One of the finest ambassadors of the spirit of Indian Cinema, Irrfan Khan was the Ambassador, plain and simple and yet, backed a profundity of solidity in a world of Rolls Royce, Ferrari California T GT, and the BMW i7.
He was a bottle of drinking water that you always turned to during travails and long distance travels than the incorrigible need to stuff oneself on a glass of Martini as if to prove a point to others.
An excellent modulator of voice, he was sober and smart when he spoke softly and a wild cannon with nothing held back as seen in temperamental outbursts such as Maqbool, which floored us completely.
Despite coming from Tonk in Rajasthan and making it big all by his own efforts in the back-breakingly tough Mumbai, Irrfan Khan didn’t play the victim card that few backed him when he struggled so hard initially. Neither did he encash the emotional currency of playing the man who came from a small town.
He was both the city boy who one adored as also the aspirer from the tier-two city who dreamt of making it- and ultimately made it- big.
And truth be told; Irrfan’s audiences lay in both, the Swades as well as India. He was liked by both, admired by all social strata.
To the poor man who lives on savings, Irrfan Khan was a secular face of an India where everything is possible, where hopes don’t wane away. At the same time, Irrfan Khan was the easy-going chiller who stood for a rich vein of talent that was impressive and alluring in equal measure.
Perhaps to this day, we’ve never been able to place a finger convincingly yet on what made him a hotseller in movies; were it just the haunting albeit penetrative eyes or the ability to cater to everyone’s sensibilities or the sufi-esque soul that embodied a free persona that couldn’t be caged.
Or was it a mix of everything?
Regardless, it suffices to say that it’s easy to be a star but very difficult to be an actor.
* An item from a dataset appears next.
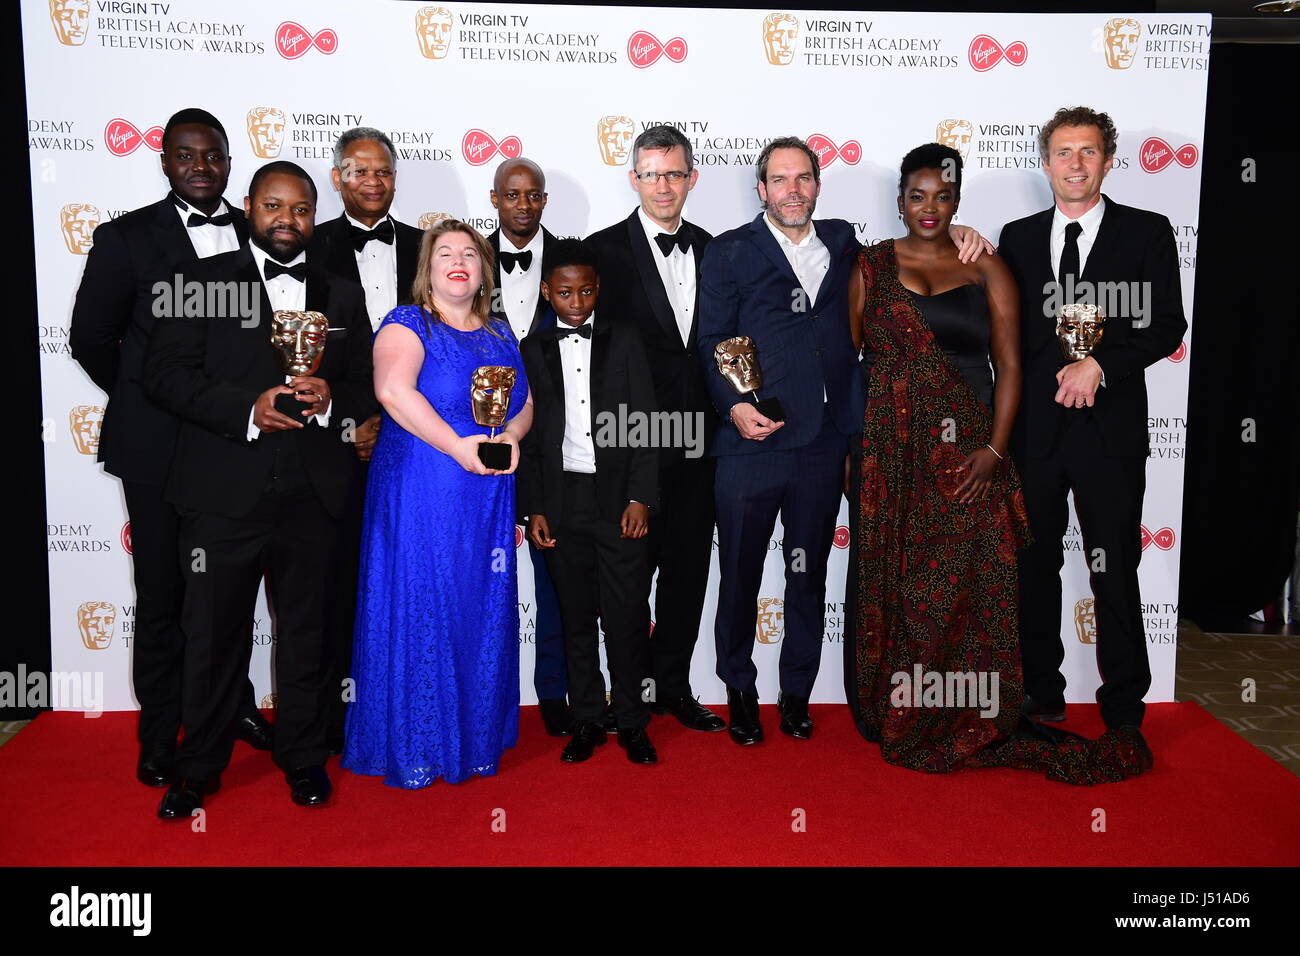 Babou Ceesay, Levi David Addai, Richard Taylor, Susan Horth, Sammy Kamara, Tunder Taylor, Adrian Kelly, Colin Barr and Wunmi Mosaku with the award for Best Single Drama in the press room at the Virgin TV British Academy Television Awards 2017 held at Festival Hall at Southbank Centre, London. PRESS ASSOCIATION Photo. Picture date: Sunday May 14, 2017. See PA story SHOWBIZ Bafta. Photo credit should read: Ian West/PA Wire Stock Photo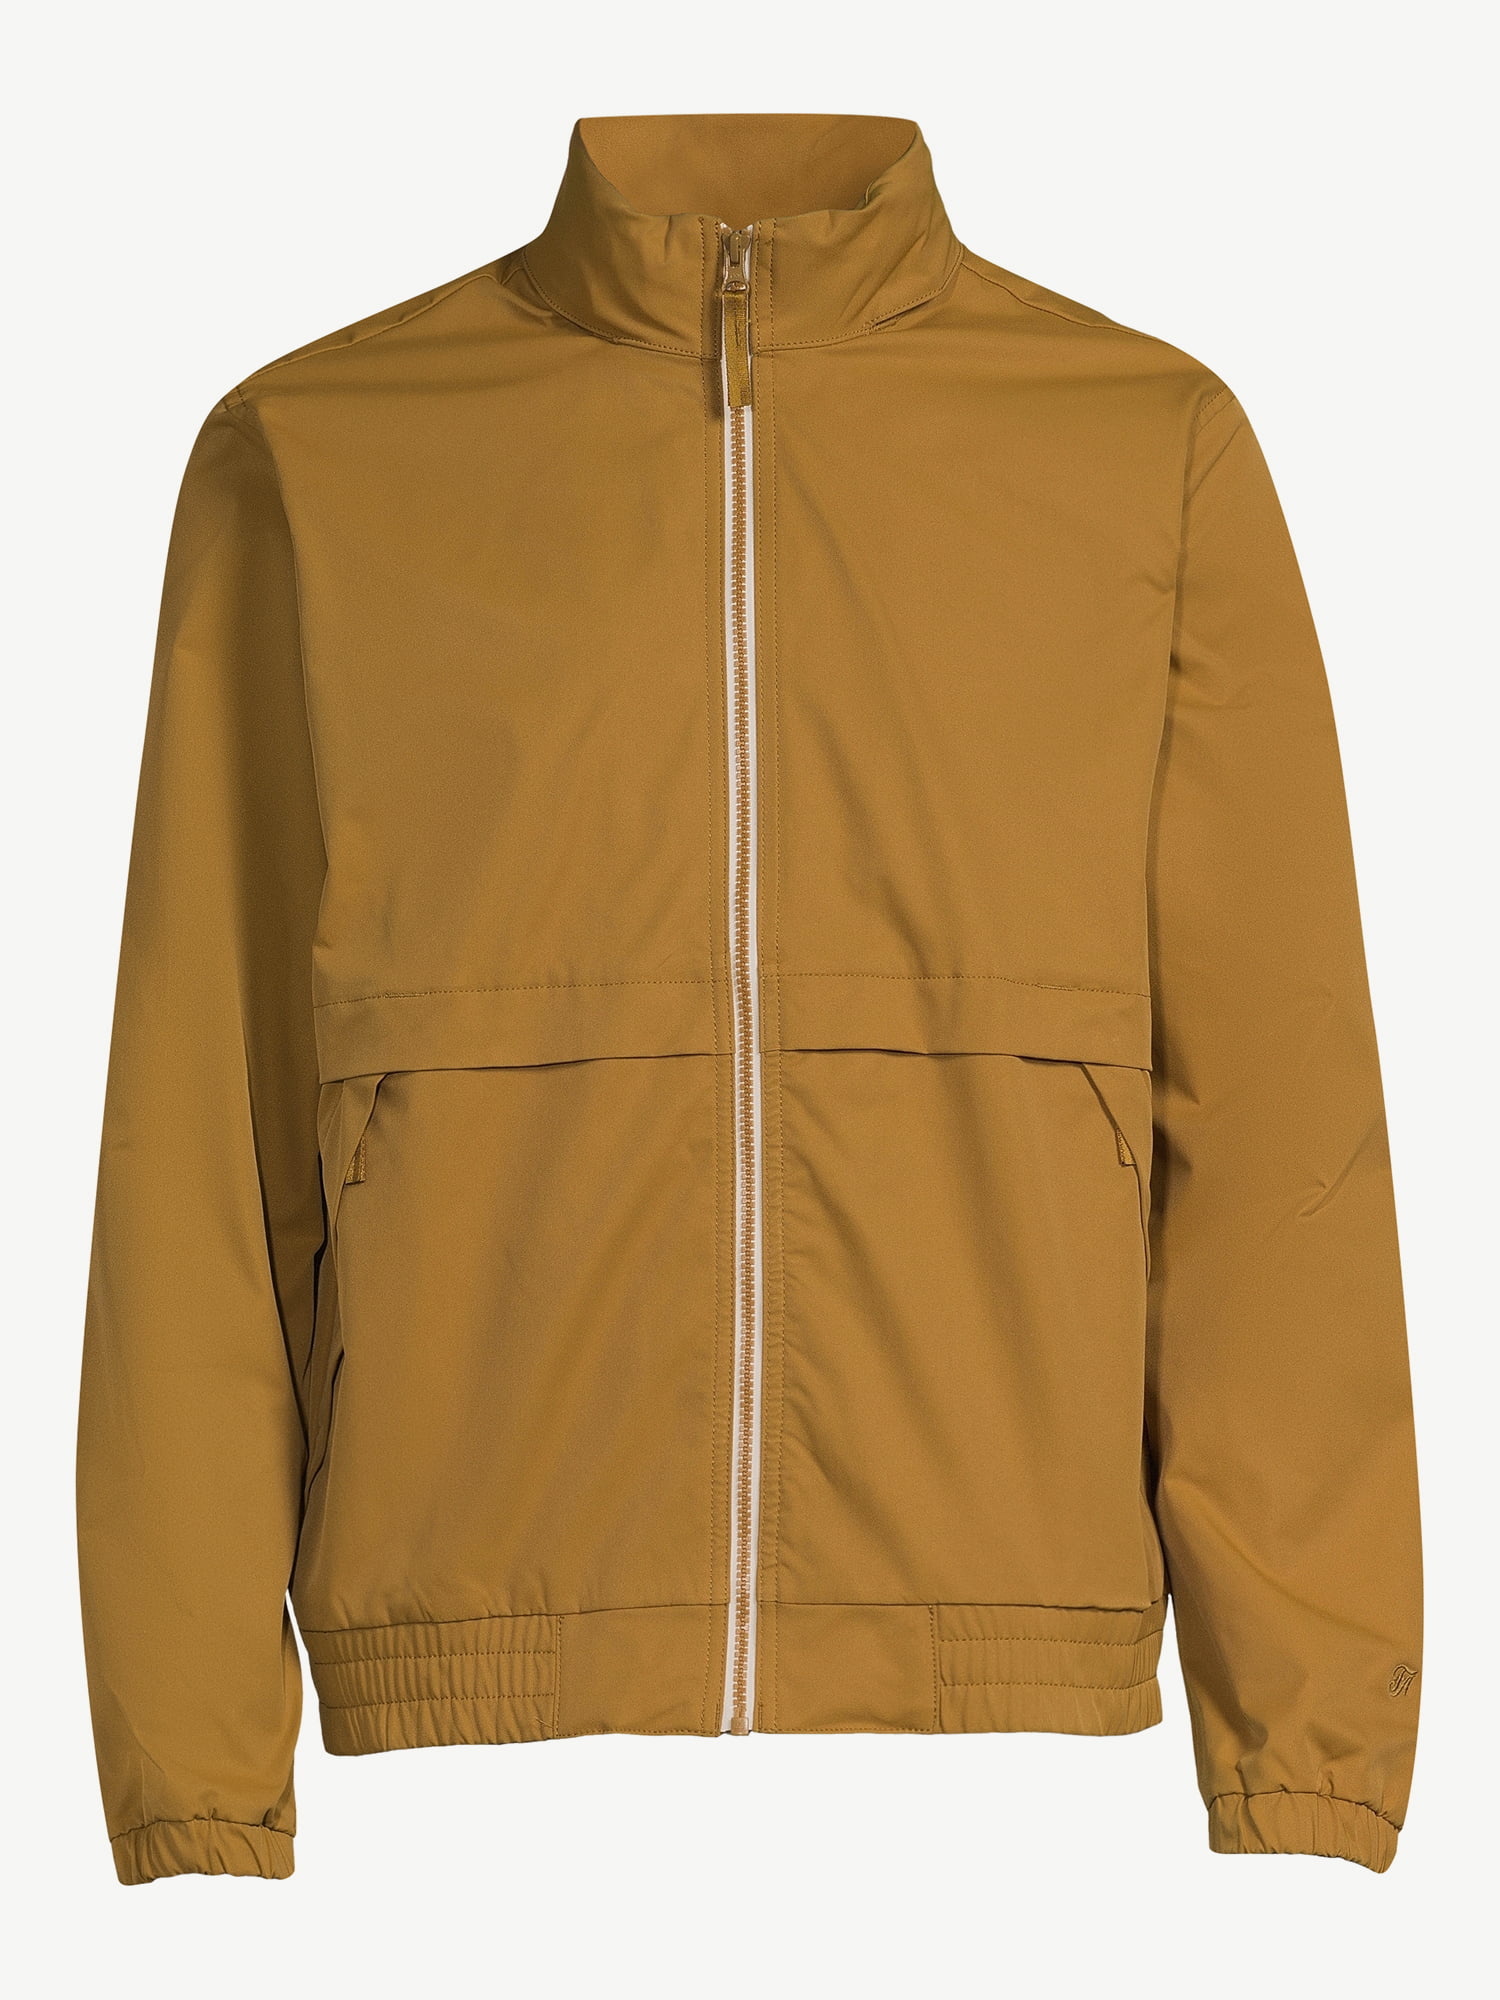 Free Assembly Men's Twill Bomber Jacket with Hidden Hood, Sizes XS-3XL

When Irrfan Khan played Paan Singh Tomar, he became Paan Singh Tomar, a movie that one ought to remember was one of the early vehicles for rising Bollywood director Bhav Dhulia, the main force behind the acclaimed recent release “Khaki!”
Likewise, when Irfan Khan starred as the hard-as-nails cops in Talwar, he became the cop Talwar, a man possessed by the inborn need to solve a gruesome murder.
He would get into the skin of the character like how alcohol gets into our nerves, leaving behind a trail of intoxicity that’s hard to get on top of.
Yet, there was this everyday-ness about the Khan we can’t get enough of and likely never will; he’d lend his innate affability and poise to ads that we remember to this day, not because of their brand value but because of the value that Irrfan Khan brought on. Think Hutch ka chota recharge. Think Syska LED!
Truth is that the Irrfan Khan legend will likely only soar in the times to come for actors there’ll be many. But only a few will dare to surrender themselves to the labyrinth that is a film script. Which is why perhaps there’s sense to alter the great dialogue from the film Bawarchi that says, it is so simple to be happy, but it is so difficult to be simple.
Likewise, in appreciation of this late but evergreen actor, one ought to say- it is so simple to be successful, but is so difficult to be another like Irrfan Khan!
Gone but never forgotten! Actually, is he even gone?
The physical body left the planet over two summers ago but the easygoing essence, the memories, the gentle pauses before breaking into a captivating monologue all remain. They’re a part of us. And we won’t let it dispel into oblivion.